We live in an amazing time in which we have instant communications and can travel anywhere in the world in a relatively short amount of time. The earth is a big place, but we can traverse it by plane in less than two days. It used to be that a ship going across the Atlantic Ocean took about three months from Europe to America. Now, we fly across the ocean in a matter of hours. Yet, we freak out that we have to be to the airport two hours before a flight and grump and complain about standing in a twenty minute line to board a plane.

It used to be that communication moved at the same pace as a ship. Knowing about a significant event that happened in Europe would take three months to reach America. Now we can know about what kind of bread some Frenchman ate for breakfast almost instantly after he eats it because he posted it on social media. And we complain if we have to wait a few extra seconds for something to load on our computers and phones, as if the world were about to end.

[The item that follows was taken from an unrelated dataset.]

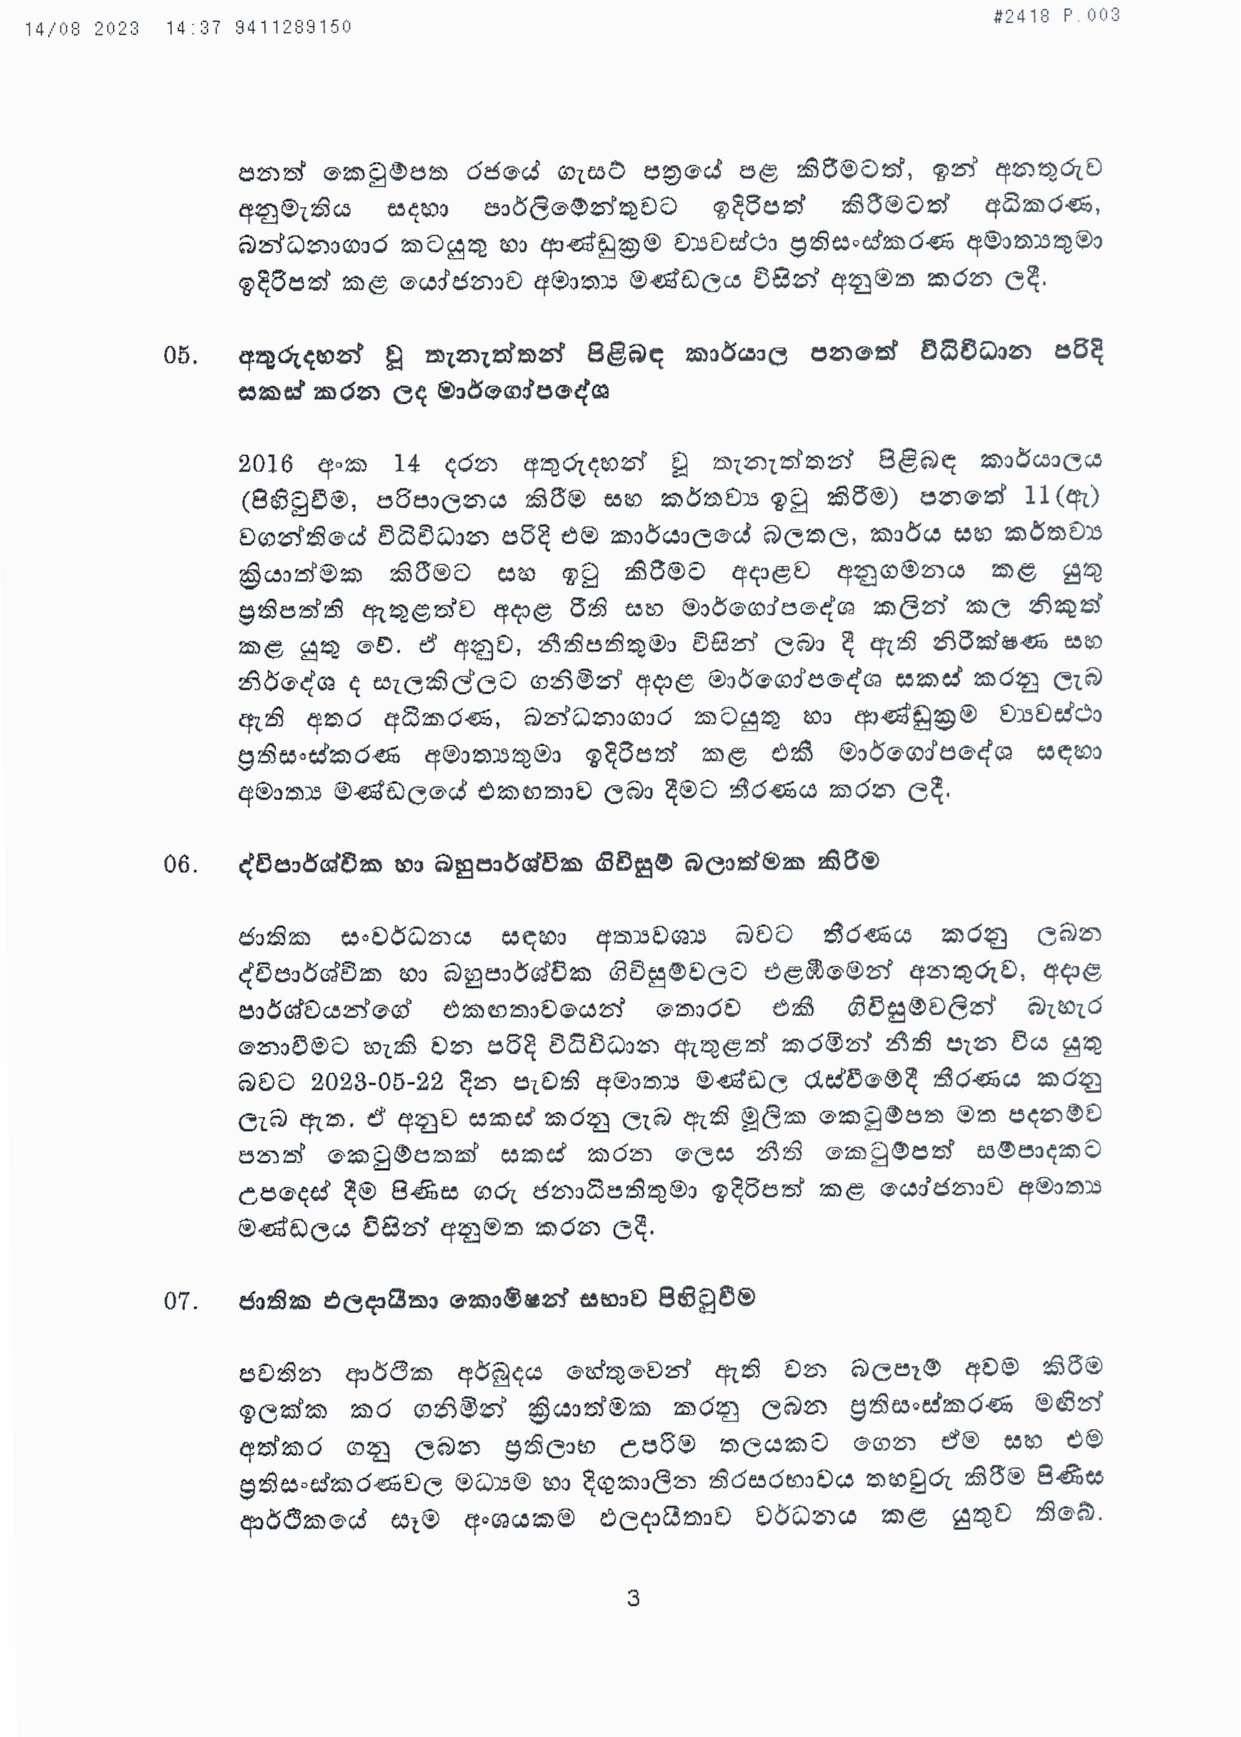 Cabinet Decision on 14.08.2023 1 page 003

Well, actually, it is about to end.

Until that happens, we are not to twiddle our thumbs and simply wait for the end to come, spending our remaining time figuring out exactly the day and hour of Christ’s return. Instead, all things are being transformed. And it will culminate and climax in his Second Coming and the final passing away of the old order of things.

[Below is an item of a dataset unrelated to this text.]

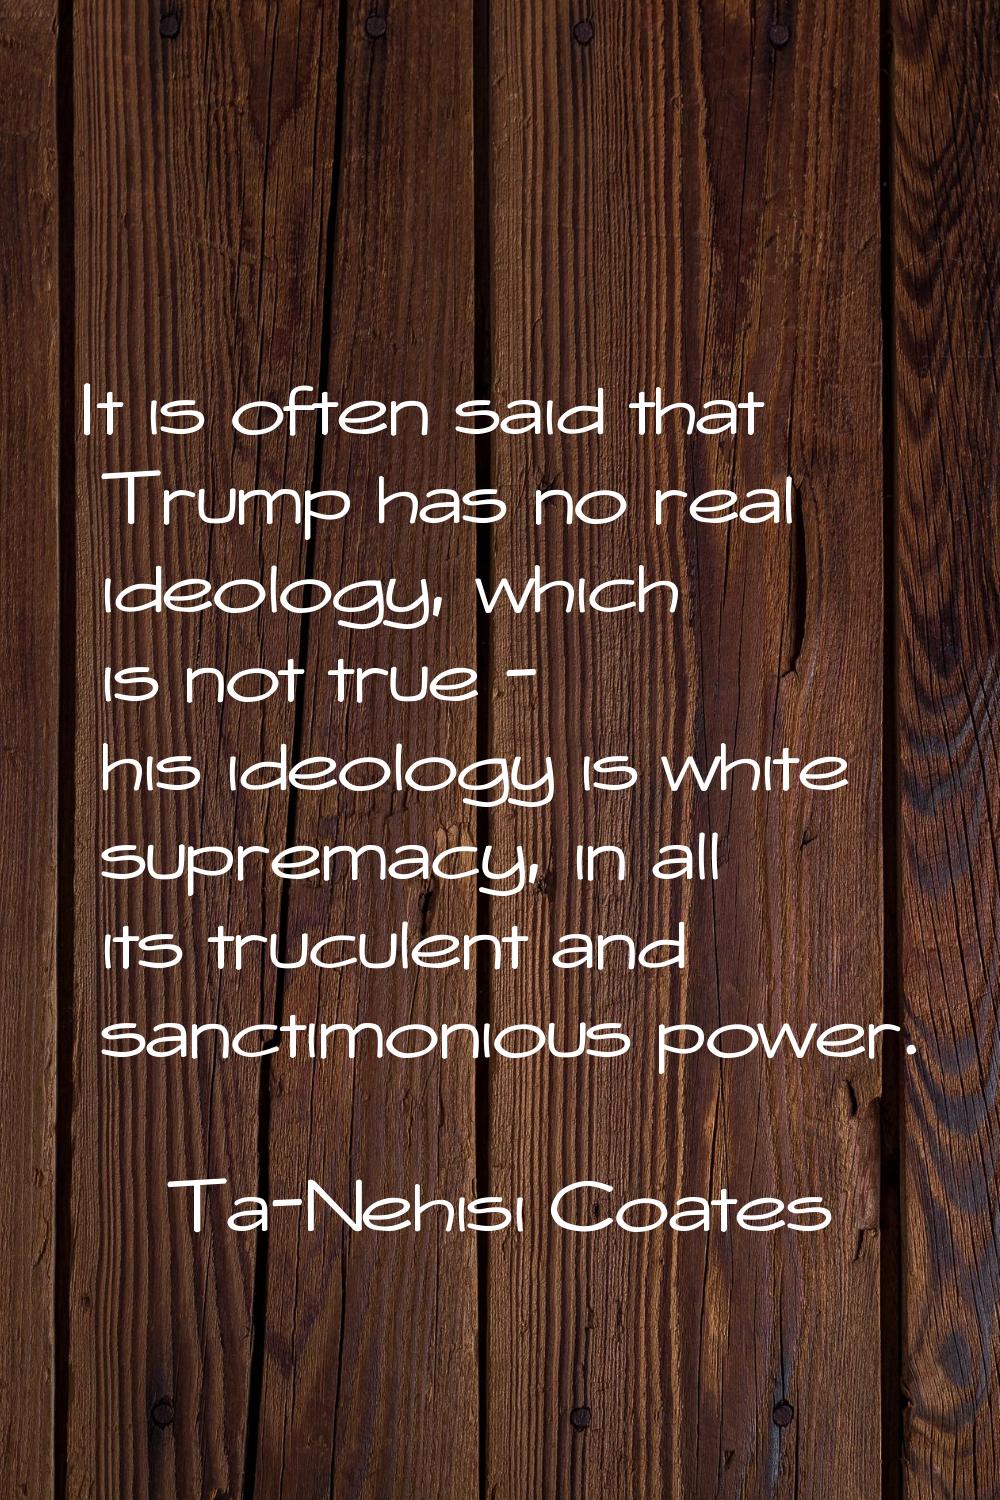 It is often said that Trump has no real ideology, which is not true - his ideology is white suprema
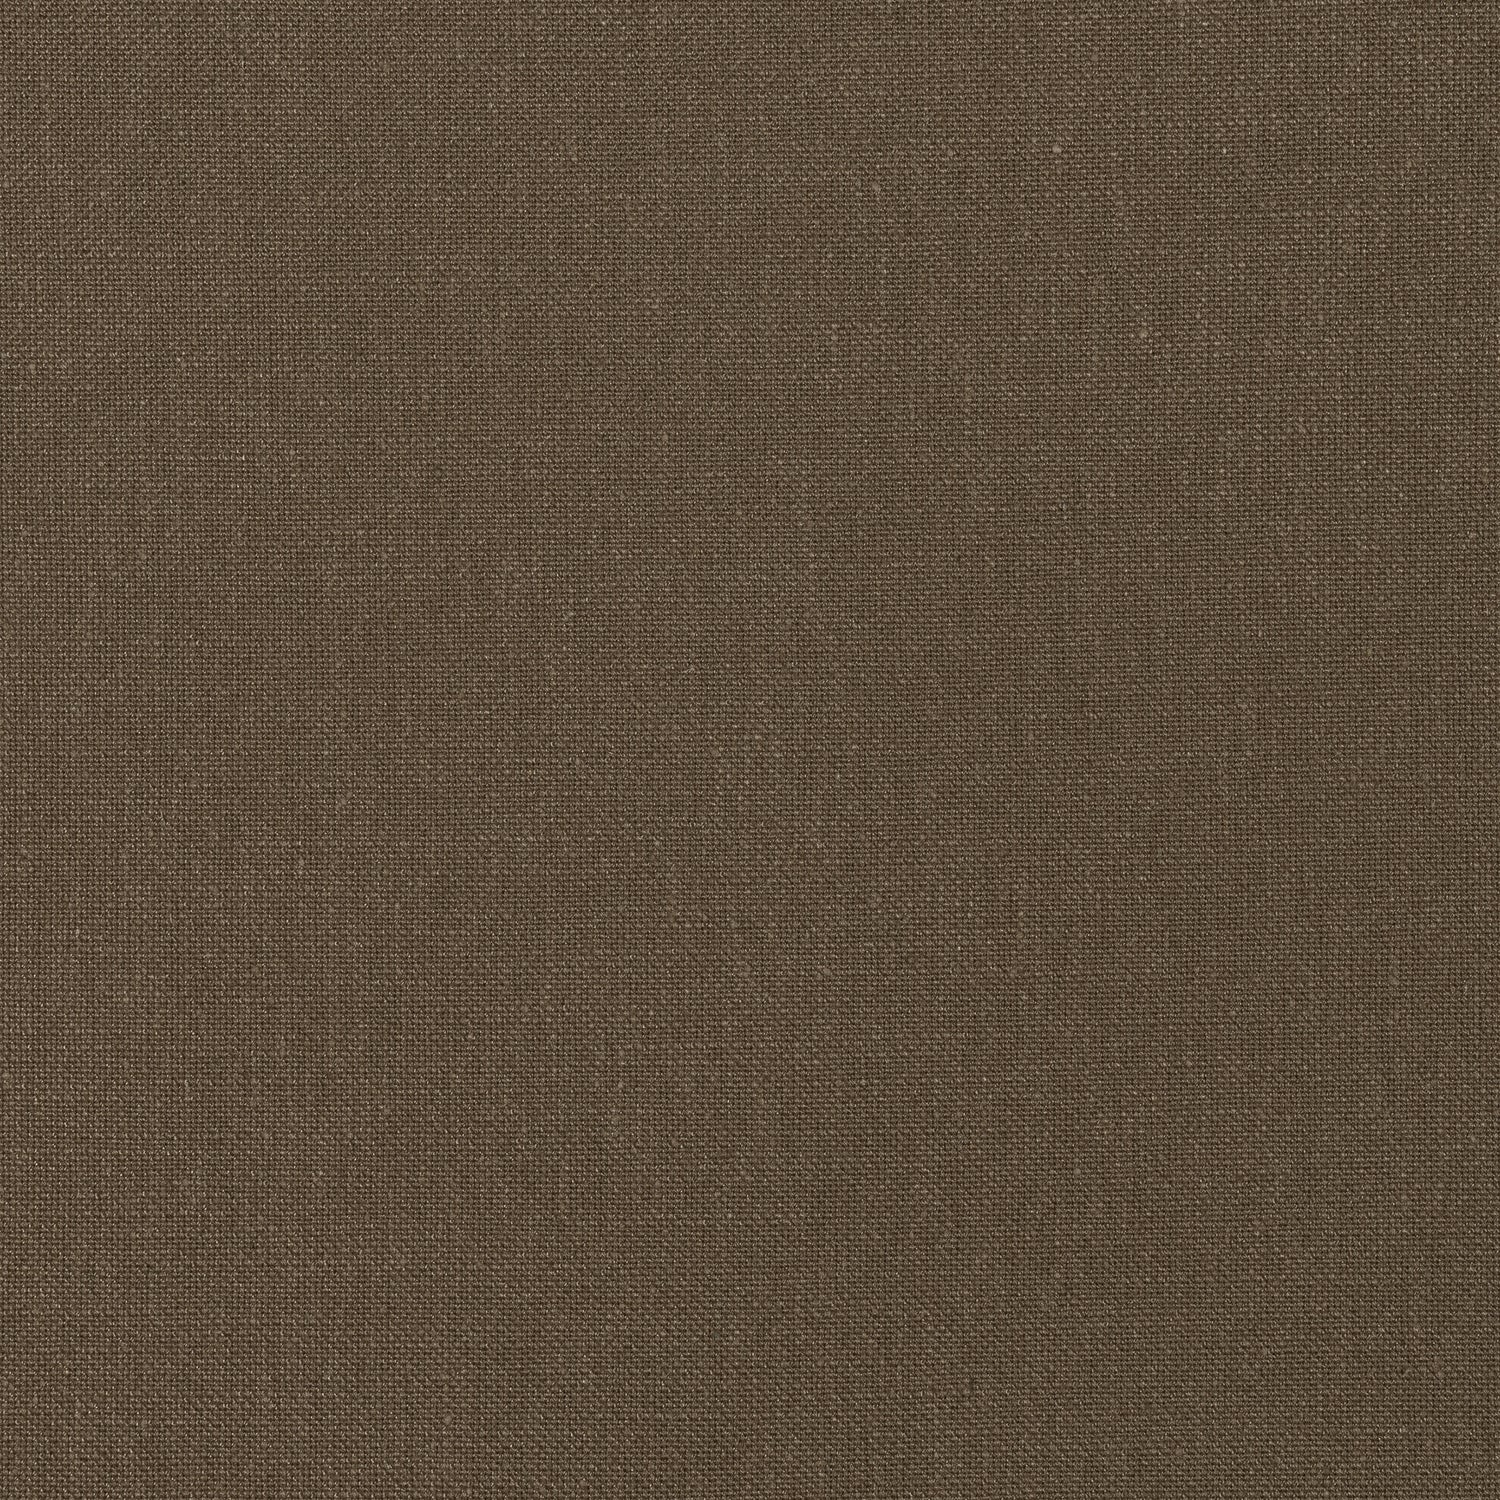 Palisade Linen fabric in chocolate color - pattern number FWW7661 - by Thibaut in the Palisades collection

We properly anticipate Jesus coming again when we let God change our hearts and lives, our neighborhoods and workplaces, our families and churches, to be just like Jesus. God is now in the business of preparing for Christ’s return by doing away with the old order to make room for the new. 

Therefore, if anyone is in Christ, the new creation has come: The old has gone, the new is here! All this is from God, who reconciled us to himself through Christ and gave us the ministry of reconciliation: that God was reconciling the world to himself in Christ, not counting people’s sins against them. And he has committed to us the message of reconciliation. 

We are therefore Christ’s ambassadors, as though God were making his appeal through us. We implore you on Christ’s behalf: Be reconciled to God. God made him who had no sin to be sin for us, so that in him we might become the righteousness of God. (2 Corinthians 5:17-21, NIV)

The book of Revelation helps us to break our fixation with the past and holding onto the ways we have always done things. It reminds us of God’s capacity and action for renewal.  We can walk now in newness of life. 

We were therefore buried with him through baptism into death in order that, just as Christ was raised from the dead through the glory of the Father, we too may live a new life. (Romans 6:4, NIV)

The work of God will ultimately destroy the old and bring in the new. God is now in the process of renewal, changing lives so that Christ can dwell in our hearts through faith as the Alpha and Omega, the Beginning and the End, as the One who has no room for any other god.

God knows the whole story. The Lord knows your story. The sovereign ruler of the universe knows how everything is going to turn out. When everything passes away, when all is stripped from our lives, when the world as we know it is done away with, what are we left with? 

We are left with God’s purposes, not ours. Then, our own hearts can beat in sync with God’s heart for all creation. Whenever we seek to do away with the evils and troubles of this world; to eradicate global poverty; to end the world of sex-trafficking; to help others come to grips with the evil of this world through changing old satanic ways of operating; to come alongside others in their trouble; then, God is using us to make everything new.

The end is coming, but it is not yet here. Meanwhile, God is presently working to make everything new by bringing salvation of both body and soul to all kinds of people.

Blessed God, the world seems to be spinning out of control. Keep me alert and disciplined in my prayers. More than anything, help me live in constant, redeeming love for everybody. Let my hospitality be endless, generous, and without complaint. Make my tongue, my hands, and my heart a conduit for the light of Jesus Christ, the source of all goodness. Amen.